Möira vs The Tropes: How 8-Bit Is It?
Last night, I spent a lot of time in my bathtub, marinating on the prickly questions of life: Why is there existence? Are we all just figments of our own imaginations? Are numbers real? Can free will occur given the determinism involved in pre-conscious decision making? How good is Onagro Studios’s new old-school RPG platformer Möira? I was coming pretty close to answering them when my phone rang and I forgot my working out for most of them. Only one solution had floated far enough up in my suds-soaked brain to survive – the last and most important one.
From the demo I’ve just played, Möira is rose-spectacled, Metroidvania-tinged fun. It comes with a flexible ability system that develops nicely as you encounter different enemies and characters, and the characters are all pleasant and engaging.
Crucial, though, to the success of any game that tries to play on 8- and 16-bit memories is the quality of its nostalgia. And to assess that, we need a checklist:
- Graphics: authentic looking.
- Music: authentic sounding.
- Family: authentic… err… being. The hero appears to live with a single mother, whose main role is to scold him for being late for school.

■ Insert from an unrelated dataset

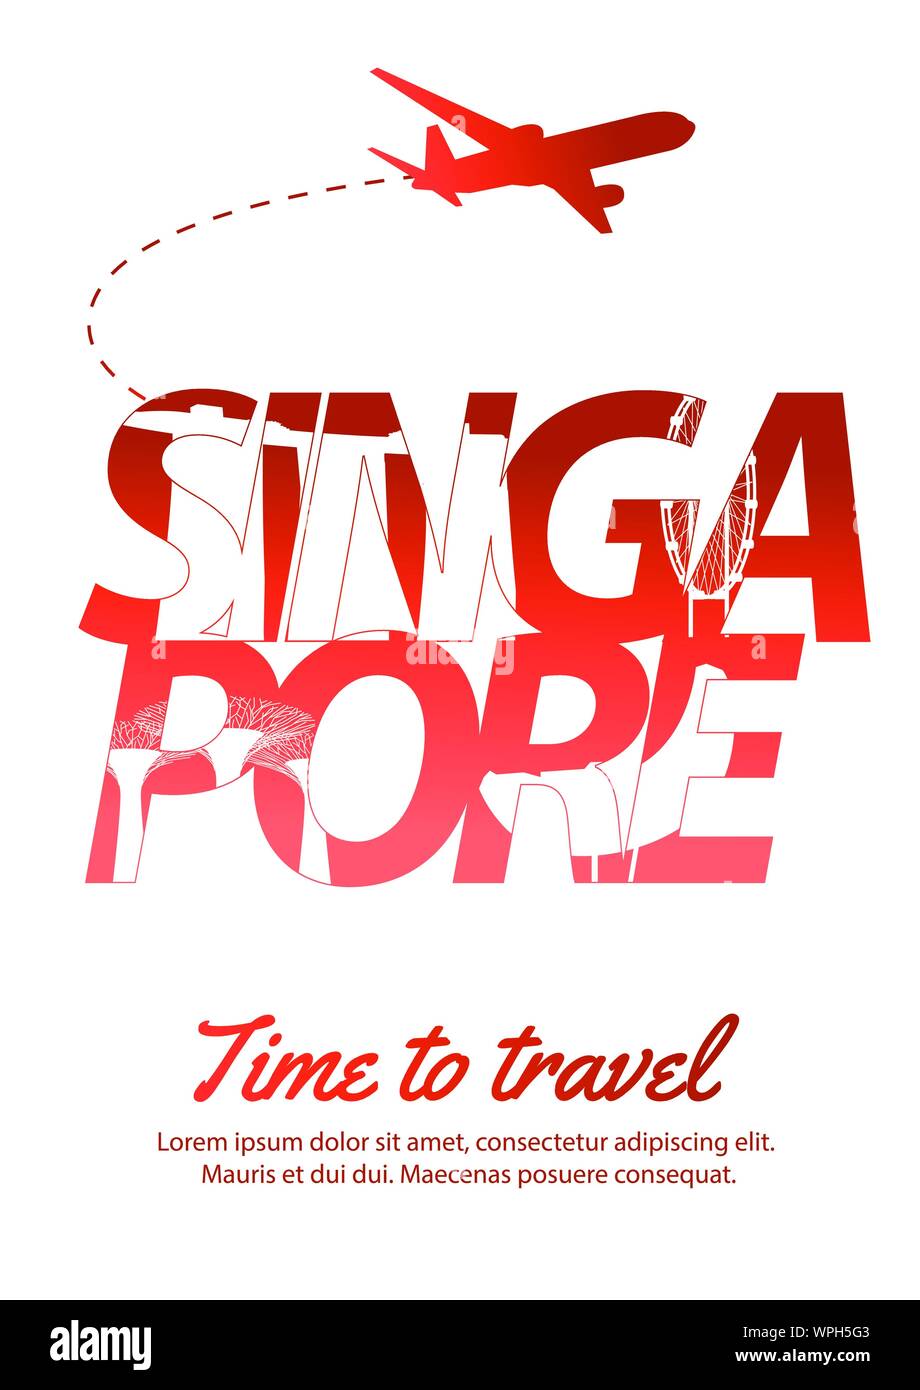 Singapour célèbre style silhouette texte intérieur,couleur du drapeau national rouge et blanc,vector illustration Illustration de Vecteur

- Plot: people are missing, the world of Möira has gone to shit…
- Hero: …and it’s up to a small child to save it, even though there are plenty of perfectly capable grownups around.
- World: mixes a fantasy castle with an industrial factory and a treetop village. The castle is as badly maintained and dangerous to live in as you might expect, thanks to its spike pits and disintegrating floors; you can certainly understand why it was abandoned in the first place.
- Villain calling the hero a “foolish child”, hammering home that someone older than about 7 should have taken over by now: present.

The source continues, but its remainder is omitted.